With a new $35 million in the bank, Onehouse is now expanding its platform with a free tool called Onehouse LakeView, which provides observability of Lakehouse functionality for insights into table statistics, trends, file sizes, timeline history, and further. This builds on existing observability metrics provided by the main Hudi project, providing additional context around workloads.

“Without LakeView, users must spend a lot of time interpreting metrics and deeply understanding the entire stack to detect performance issues or inefficiencies in pipeline configuration,” Chandar said. “LakeView automates this and provides email alerts on good or bad trends, indicating data management needs to improve query performance.”

Additionally, Onehouse is also introducing a new product called Table Optimizer, a cloud-managed service that optimizes existing tables to accelerate data ingestion and transformation.

‘Open and interoperable’

You can’t ignore the countless other big-name players in the space. He likes of Databricks and Snowflake are becoming more embracing the lake house paradigm: Earlier this month, Databricks reportedly distributed billion dollars to acquire a company called Tabular, with a view to creating a common standard for lake houses.

Onehouse has surely entered a hot space, but it hopes its focus on an “open and interoperable” system that makes it easy to avoid vendor lock-in will help it stand the test of time. Basically, it promises the ability to make a single copy of data universally accessible from virtually anywhere, including Databricks, Snowflake, Cloudera, and native AWS services, without having to create separate data silos in each.

As with Nvidia in the GPU space, the opportunities that await any company in the data management space cannot be ignored. Data is the cornerstone of AI development, and not having enough good quality data is a major reason Why do many AI projects fail?. But even when the data is there in large quantities, companies still need the infrastructure to ingest, transform and standardize it to make it useful. That bodes well for Onehouse and its ilk.

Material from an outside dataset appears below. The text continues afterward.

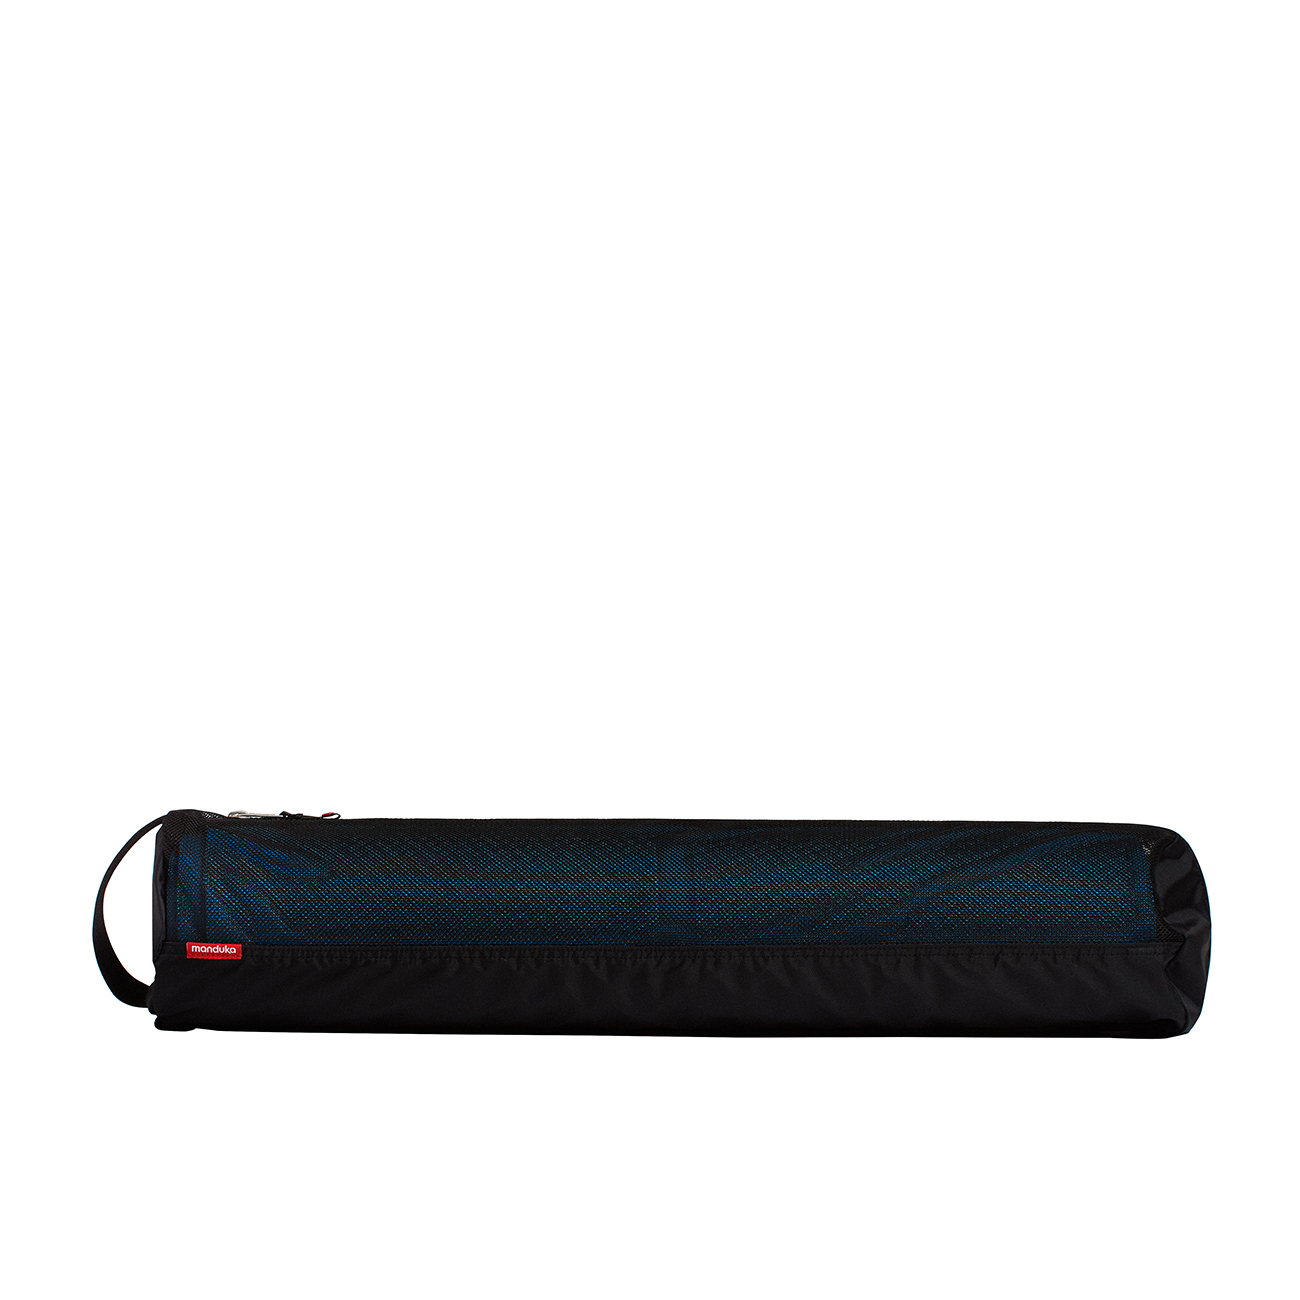 Yoga Bag Breathe Easy - Black, Bags for your yoga mat, Yoga Mat Bags, Yoga, EQUIPMENT & ACCESSORIES

“From a data management and processing point of view, I believe that quality data provided by a solid data infrastructure foundation will play a crucial role in bringing these AI projects to real-world production use cases, to avoid waste. solve data problems,” Chandar said. “We’re starting to see that demand from data lakehouse users as they struggle to scale data processing and query needs to build these new AI applications on enterprise-scale data.”